Leith shifted nervously: the Arrow in his palm seemed to burn with an even greater potency, though the flame did not flare like it often had. 'You say only those not of the Fire can touch the Arrow without hurt,' he said. 'Why can I touch it, then?'

The silence emanating from the darkness went on for some time. 'Leith, I don't know the answer to that. But somehow you and the Arrow are linked: it responds to your thoughts and emotions, it heals where you see hurt, it flames when you are angry. It is an extension of your heart. Anyone who looks on the Arrow sees you, and the strength and beauty and fire within you.' The philosopher's voice sounded suddenly thin, somehow hesitant, as though approaching a thought he did not want to give voice to.

But this fragility did not communicate itself to Leith. 'My heart? Or the Arrow's heart?

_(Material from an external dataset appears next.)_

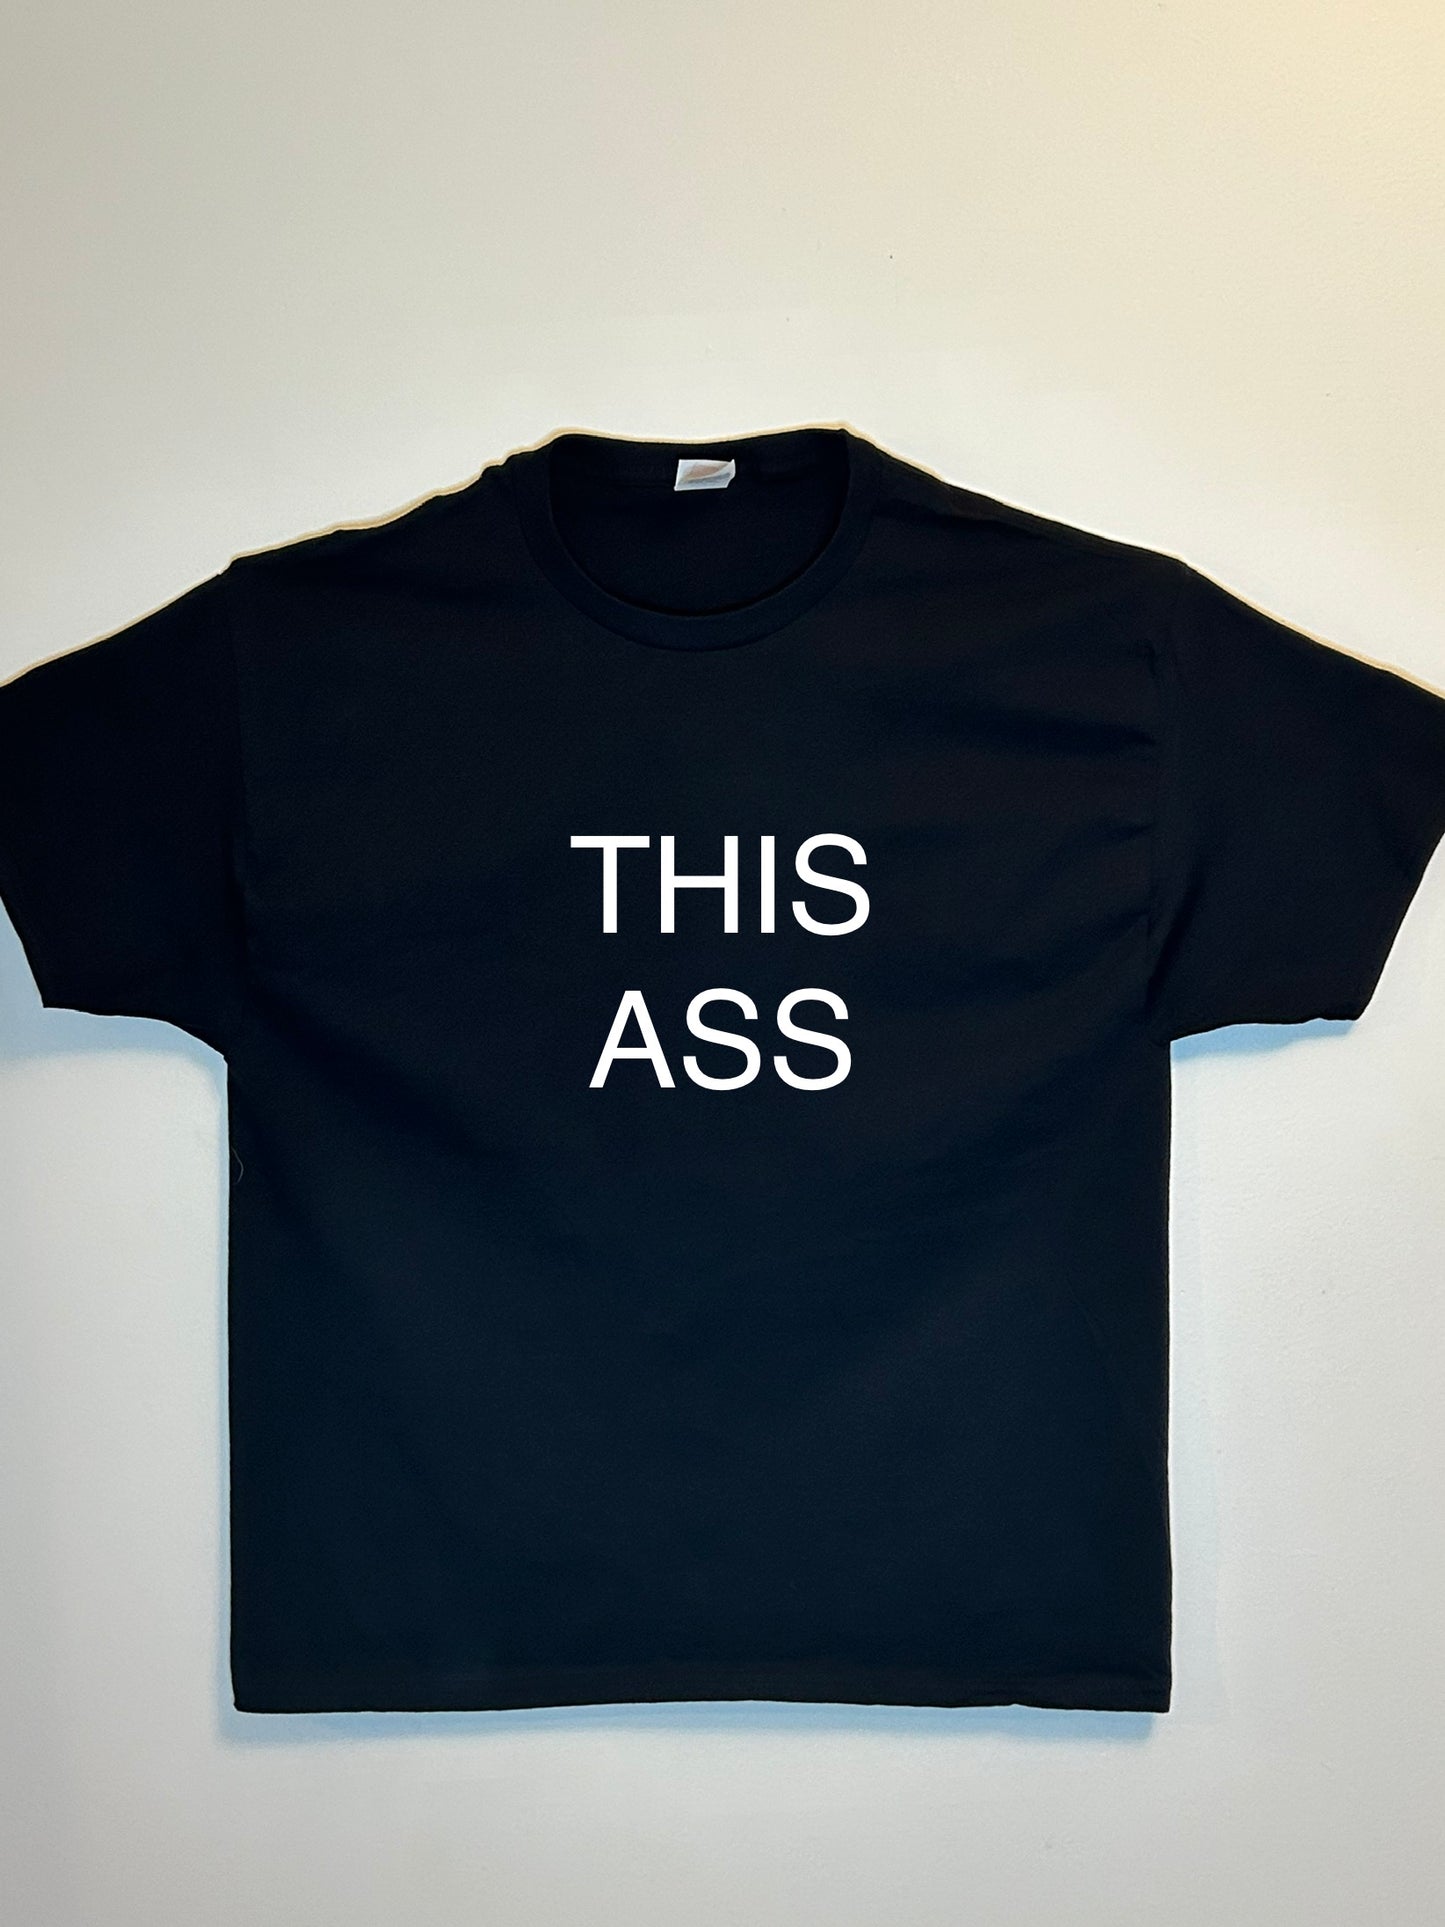 Ass shirt

Phemanderac, I feel like I am an extension of it - as though I am a walking quiver, a place for the Jugom Ark to rest before it is finally used by its rightful owner. Sometimes it speaks to me, and makes me do what it wants! You don't know how many times I've begged it to leave me alone!' Abruptly the youth stood up and stumbled off into the darkness, clearly unable to bear the weight of what was being asked of him. The Arrow flared in his hand like a beacon: bright, clean, pure, beckoning. Desirable.

Phemanderac did not follow. Instead he put his head in his hands, and whispered to himself: 'I see your heart, Leith.' Then, unable to speak the words written on his own heart, he wept.

CHAPTER 10
THE HALL OF CONAL GREATHEART

THE BHRUDWAN ARMY MARCHED westwards, dragging Stella along with them.

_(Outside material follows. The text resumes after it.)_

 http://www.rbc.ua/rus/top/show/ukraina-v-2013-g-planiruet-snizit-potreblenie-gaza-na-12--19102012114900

Somewhere ahead lay the borders of Faltha; and somewhere beyond that huddled the towns and villages of home, places made by ordinary people doing everyday things, unaware of what marched towards them.

Stella shivered in her white cocoon. She knew with a dreadful certainty what marched towards the Falthans. She had seen it in all its pitiless, terrifying violence. She stared at the wastelands outside her cot, seeing nothing but the fire set to Loulea, the cries of those about to die. Nothing she could do was able to erase the horror, so much greater than even her own terror of the man who had her in thrall.

A week ago Stella had woken from evil dreams to find the eunuch leaning over her, shaking her, his eyes rolled back in his head and his flabby body rigid with the control of his master.